Task directions
Repeat precisely the span of lines below that opens with the line containing "ELECTRICAL SAFETY FAQ FOR SEVERE WEATHER" and closes with the line containing "Firefighter Pendant of", both included.

Provided records
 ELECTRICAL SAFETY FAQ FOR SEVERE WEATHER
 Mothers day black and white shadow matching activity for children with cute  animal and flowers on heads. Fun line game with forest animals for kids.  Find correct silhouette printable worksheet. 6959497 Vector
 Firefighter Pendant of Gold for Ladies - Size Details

--

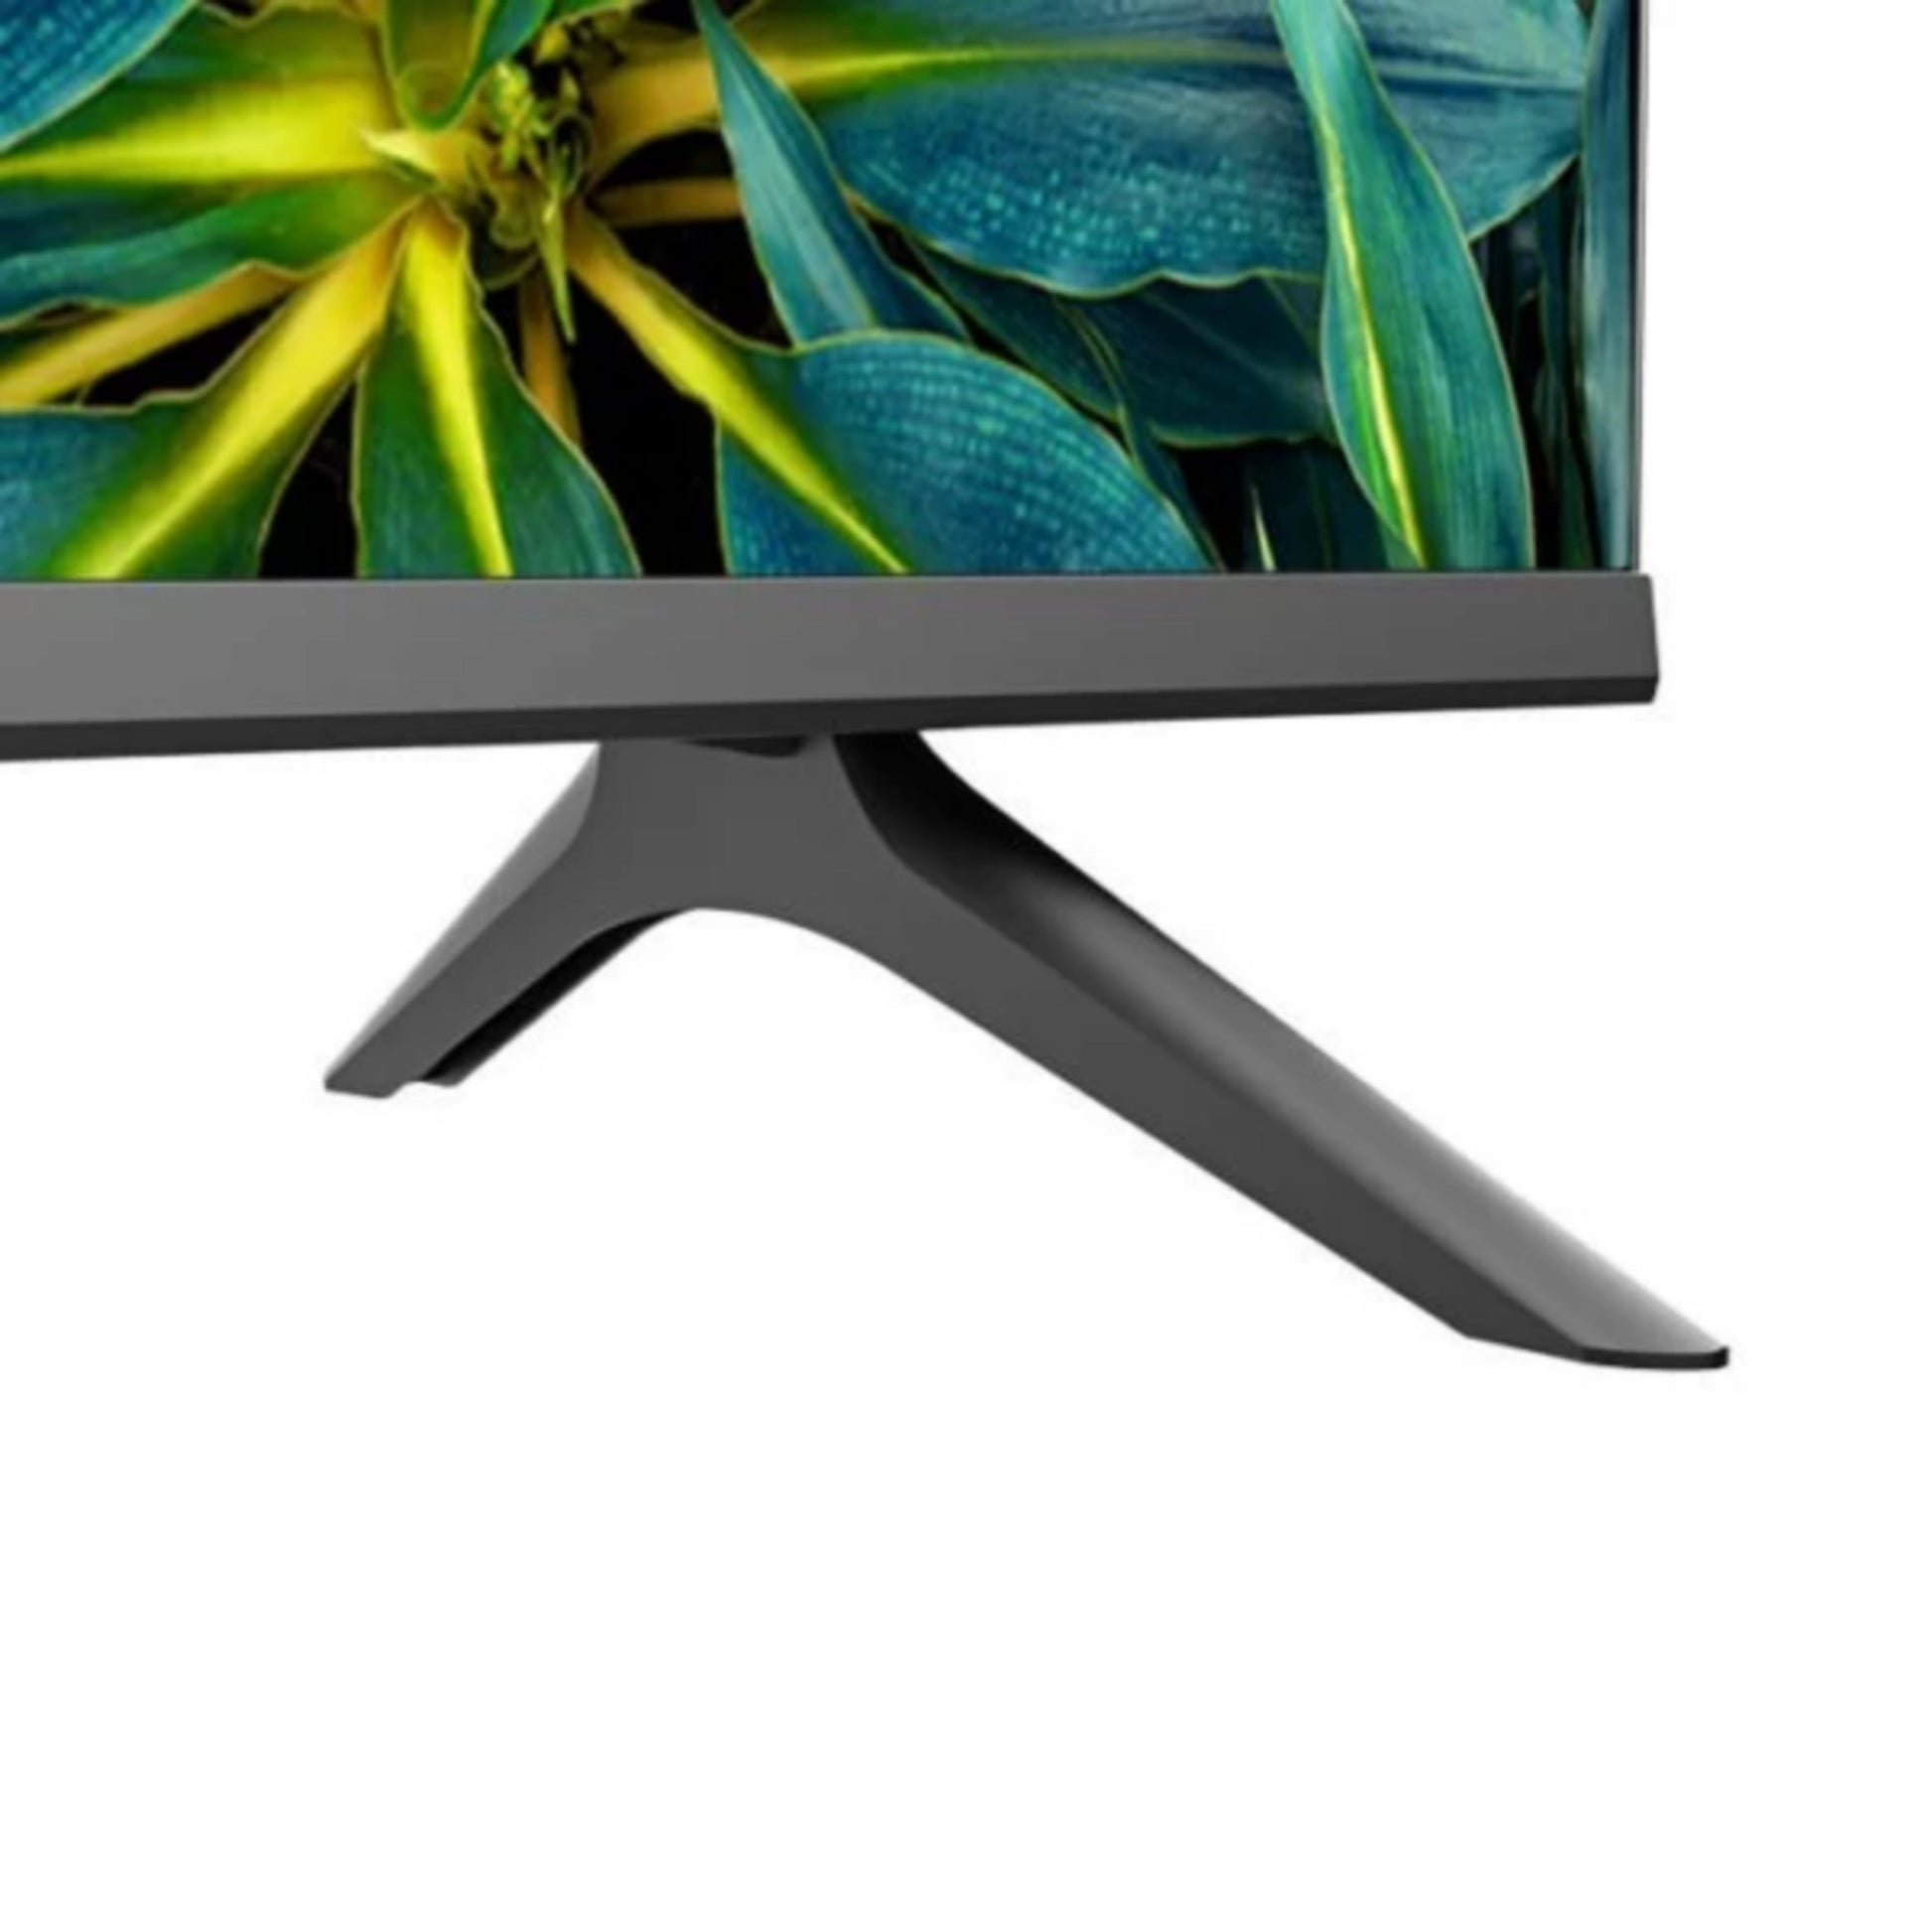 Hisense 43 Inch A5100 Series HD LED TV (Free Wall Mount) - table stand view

Solution to the exercise
 ELECTRICAL SAFETY FAQ FOR SEVERE WEATHER
 Mothers day black and white shadow matching activity for children with cute  animal and flowers on heads. Fun line game with forest animals for kids.  Find correct silhouette printable worksheet. 6959497 Vector
 Firefighter Pendant of Gold for Ladies - Size Details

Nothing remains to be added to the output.